Todo ser humano es muy libre de tener las ideas políticas que le apetezca o considere convenientes. Pero cuando una persona viste una toga y actúa en un tribunal -sea juez, fiscal o abogado-, debe dejar aparcadas esas ideas políticas -esa ideología- y atenerse sólo a criterios jurídicos.
En la apertura del año judicial tuvimos sendos
ejemplos de lo que se debe y no se debe hacer.
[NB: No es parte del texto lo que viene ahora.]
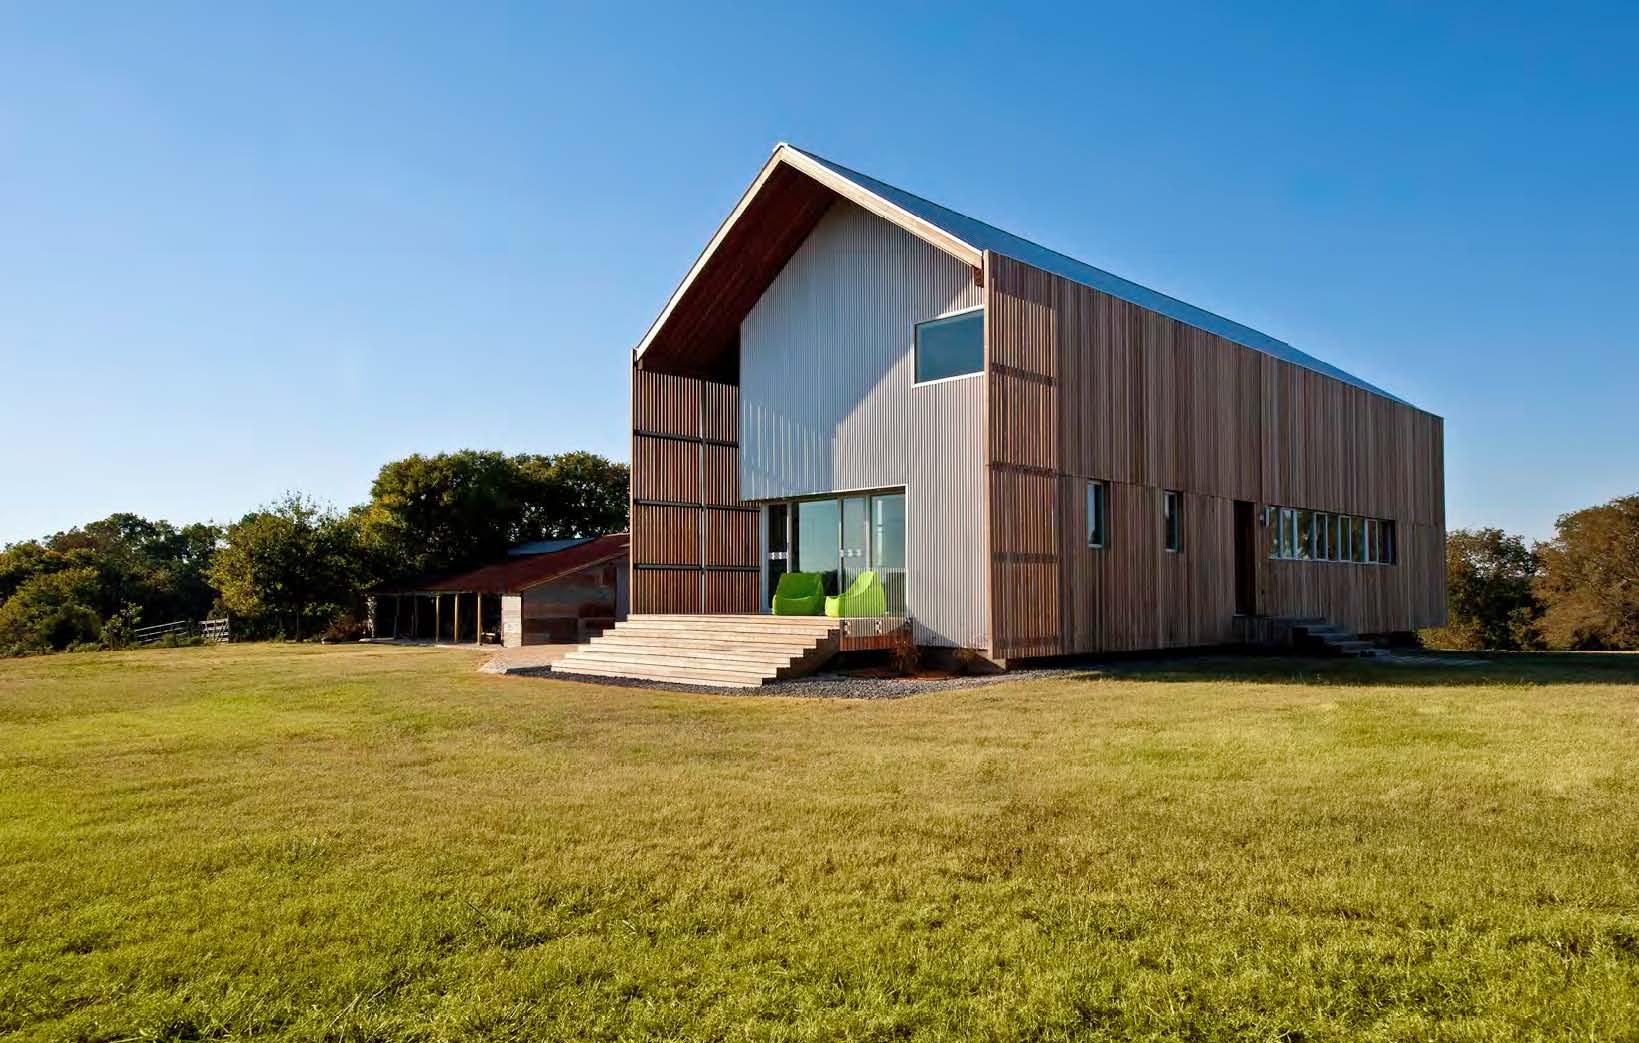 Brenham (TX) United States  city pictures gallery : | Logan / Johnson Architecture LLC, Brenham, TX, United States ...

Puesto que ambos son lo que se
ha dado en llamar progresistas (hablando en plata, de izquierdas), no
cabe aquí achacar el comportamiento correcto o incorrecto (tomando la corrección
desde mi punto de vista, claro está) a la ideología de cada cual.
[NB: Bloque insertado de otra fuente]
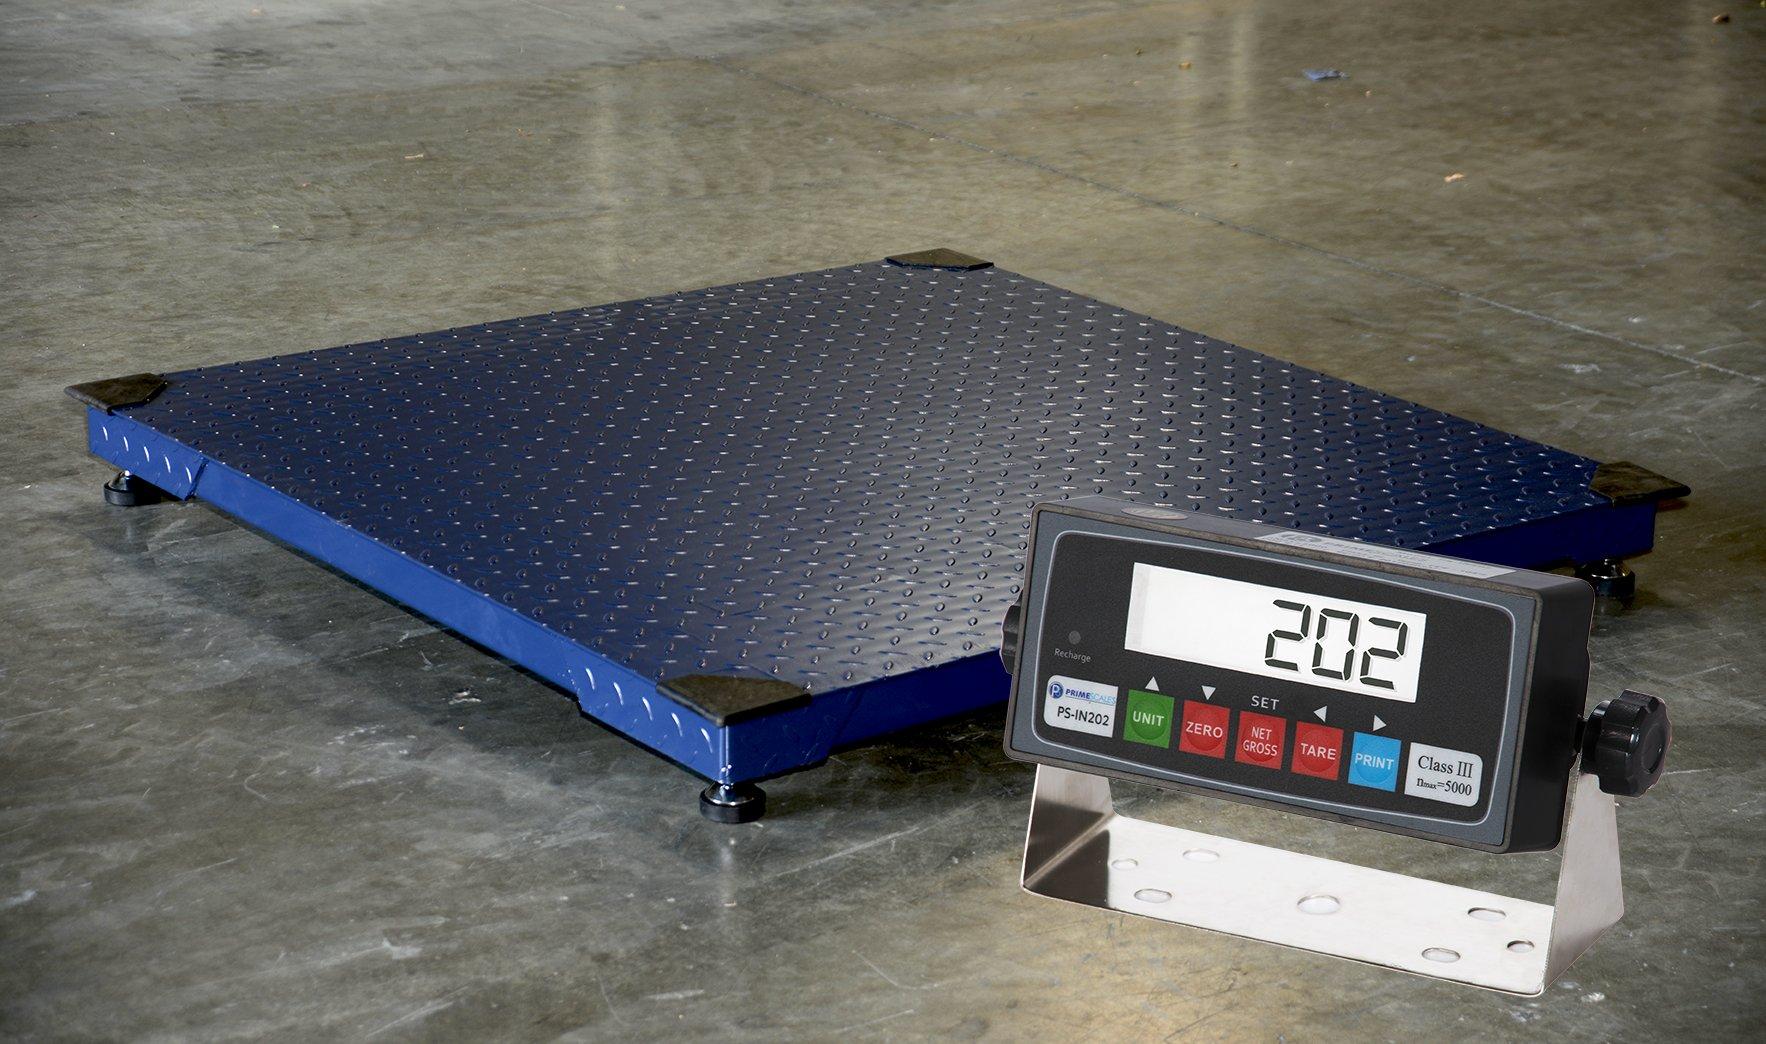 CS2010 2'x2' Floor Scale w/PS-IN202 Indicator

El fiscal particular del desgobierno
socialcomunista que tenemos la desgracia de padecer arremetió contra la figura de la acusación popular; los mal pensados dirán que porque tanto el hermano
como la pareja del psicópata de la Moncloa están sintiendo el aliento de la dama de los ojos vendados en la nuca.
La recién elegida presidente del Tribunal Supremo (y, por lo tanto, también del Consejo General del Poder Judicial), en cambio, reivindicó la importancia de salvaguardar la independencia judicial, lo que a algunos nos da la esperanza de la resurrección de Charles de Secondat.